Judge Griffin contended that the majority’s conclusion will result in discouraging governments, which are generally risk averse, from proposing impact offsets from developers that could improve societal welfare in lieu of outright denials, in light of the significant financial exposure if a court concludes after-the-fact that the government has asked for too much under the Nollan and Dolan tests. Rather, governments are more likely to deny the permit and defend it against a challenge under the traditional regulatory takings balancing approach set forth in the U.S. Supreme Court’s 1978 opinion in Penn Central Transp. Co. v. New York City.11

In granting St.

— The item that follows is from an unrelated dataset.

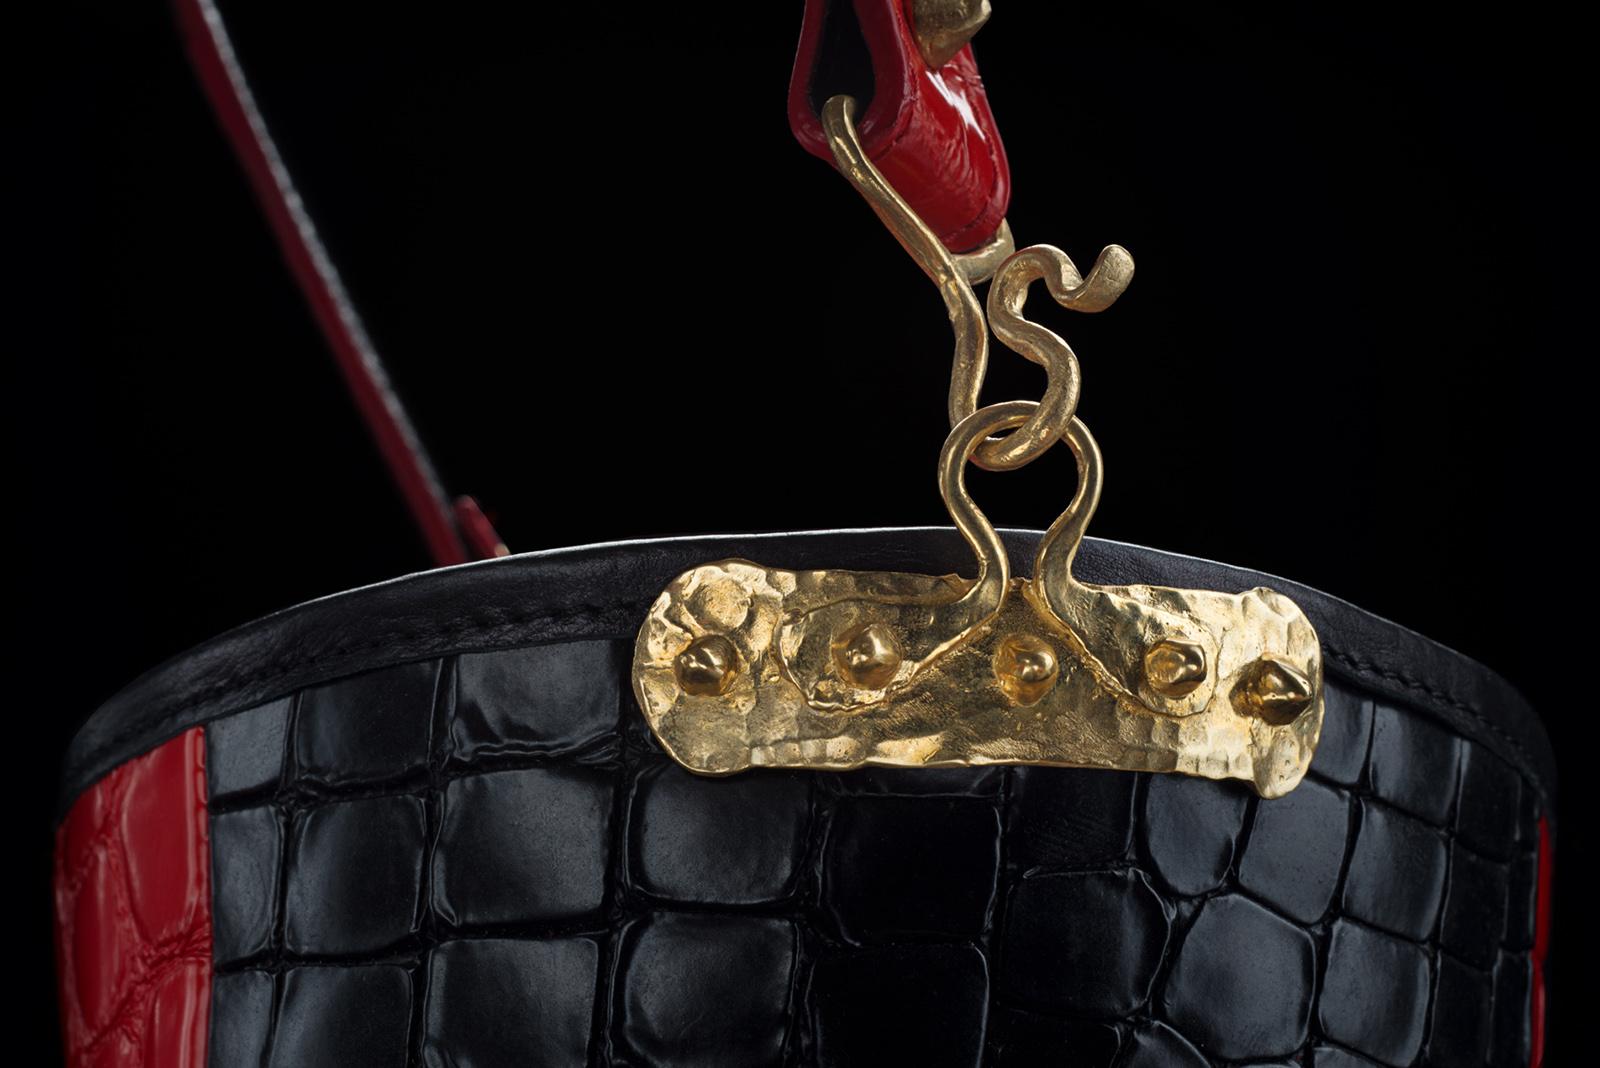 luxurybegsmattiavalerio01

Johns’ Motion for Certification, the Florida Court of Appeals certified the following question to the Florida Supreme Court: “Where a landowner concedes that permit denial did not deprive him of all or substantially all economically viable use of the property, does Article X, Section 6(a) of the Florida Constitution recognize an exaction taking under the holdings of Nollan and Dolan where, instead of a compelled dedication of real property to public use, the exaction is a condition for permit approval that the circuit court finds unreasonable?” Stay tuned to future editions of Water Log for updates on the Florida high court’s review.

Endnotes:
1.    See St. Johns River Water Mgmt. Dist. v. Koontz, 2009 Fla. App. LEXIS 2267 (Fla. Dist. Ct. App. 5th Dist. Mar. 20, 2009) (granting Motion of Certification to Florida Supreme Court).
2.    See St. Johns River Water Mgmt. Dist. v. Koontz, 2009 Fla. App. LEXIS 91, *5 (Fla. Dist. Ct. App. 5th Dist. Jan. 9, 2009).
3.    Id. at *2.
4.    Id. at *5.
5.    483 U.S. 825 (1987).
6.    512 U.S. 374 (1994).
7.    St. Johns, 2009 Fla. App. LEXIS 91 at *6.
8.    529 U.S. 1045 (2000) (J. Scalia, dissenting denial of certiorari).
9.   St. Johns, 2009 Fla. App. LEXIS 91 at *9, n. 3.
10. 544 U.S. 528 (2005).
11. 438 U.S. 104 (1978).

Recommended citation: Moses R. DeWitt, Timothy M. Mulvaney, Florida Municipality Subject to Takings Claim for Permit Denial after Applicant Refuses Conditions, 29:1 Water Log 2 (2009).